Afin de faciliter ces opérations, la municipalité a pris certaines libertés avec la réglementation et avec les attentes des Arcachonnais, et, récemment, trois projets (lotissement Elysée-Reclus, vente de la Maison Universelle, permis CFA) ont fait l’objet de plaintes devant la justice, la mairie ayant été déboutée pour deux d’entre eux. Deux projets plus anciens, le POA et le grand hôtel de Peyneau, relèvent du même objectif : lancés en 2010, leur exécution n’a pas encore été engagée du fait de très nombreux recours déposés devant le TA de Bordeaux. Enfin la vente en 2012 d’un terrain à un promoteur, la COGEDIM, pour un prix ferme de 9,5 M€ s’est terminée par le versement de seulement 8 M€ du fait d’artifices dans les conditions de vente, ce qui a permis au promoteur d’économiser 1,5 M€ au détriment d’Arcachon.
Ces opérations immobilières ont toutes la même explication : le besoin de financement de grands projets d’urbanisme certes utiles mais surdimensionnés ou trop luxueux (mairie), menés dans des conditions financières discutables (PPP) et justifiés au moins autant par des considérations électorales (réélection) que par l’intérêt de la commune et des Arcachonnais. Les nombreux chantiers qui encombrent actuellement nos rues et qui doivent impérativement être terminés avant mars 2020, en sont la preuve.
La vente des terrains procure des ressources immédiates mais non renouvelables, et les taxes sur les locaux et logements des ressources permanentes, quelle que soit l’occupation du logement (résidence principale ou secondaire).

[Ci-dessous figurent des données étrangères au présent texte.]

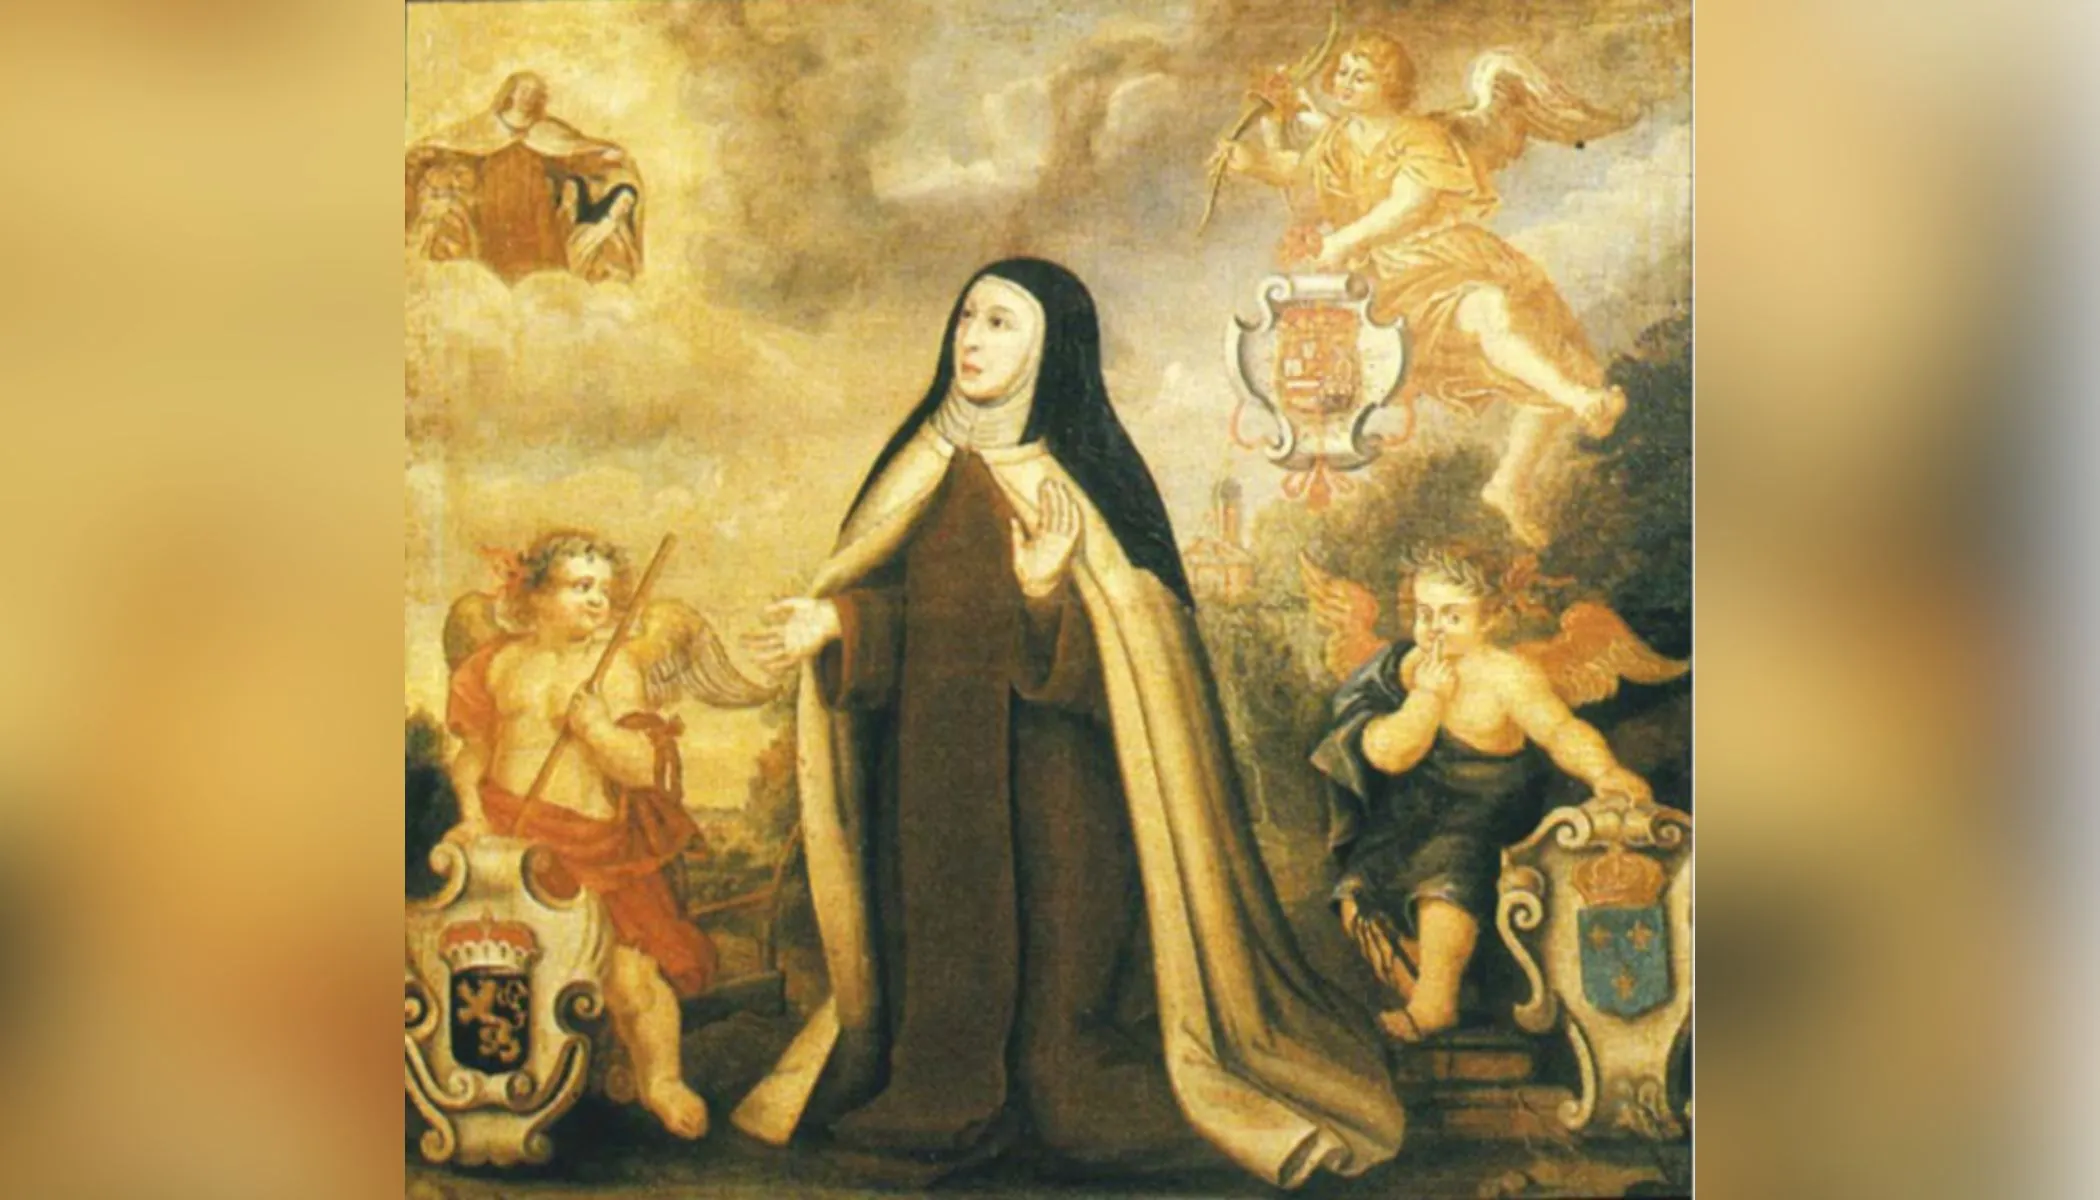 Ana de Lobera y Torres (1545-1621), better known by her religious name Sister Ana de Jesús, helped expand the Discalced Carmelites to France and Belgium. Painting in the monastery of the Discalced Carmelites, Brussels, ca. 1650.?w=200&h=150

Les conséquences négatives de cet activisme immobilier sont nombreuses et importantes :
– Ces très nombreuses ventes ont considérablement réduit le patrimoine de la commune, ce qui diminue les possibilités d’action future ;
– L’augmentation des droits à construire a entrainé une forte augmentation du prix des terrains et donc du prix des logements ce qui ne permet plus à ceux qui travaillent à Arcachon d’y loger et les contraint à habiter loin de leur lieu de travail ;
– Le nombre de logements utilisés en résidence secondaire a explosé, leur taux dépasse 60 %, ce qui entraine une stagnation du nombre d’habitants permanents (commune peu animée en période creuse) et une surpopulation en période estivale avec tous les inconvénients qui en résultent.
Ces conséquences négatives commencent à apparaitre et rétablir une situation plus normale et plus équilibrée sera long et difficile, il est donc nécessaire et urgent qu’une autre politique radicalement différente soit mise en œuvre.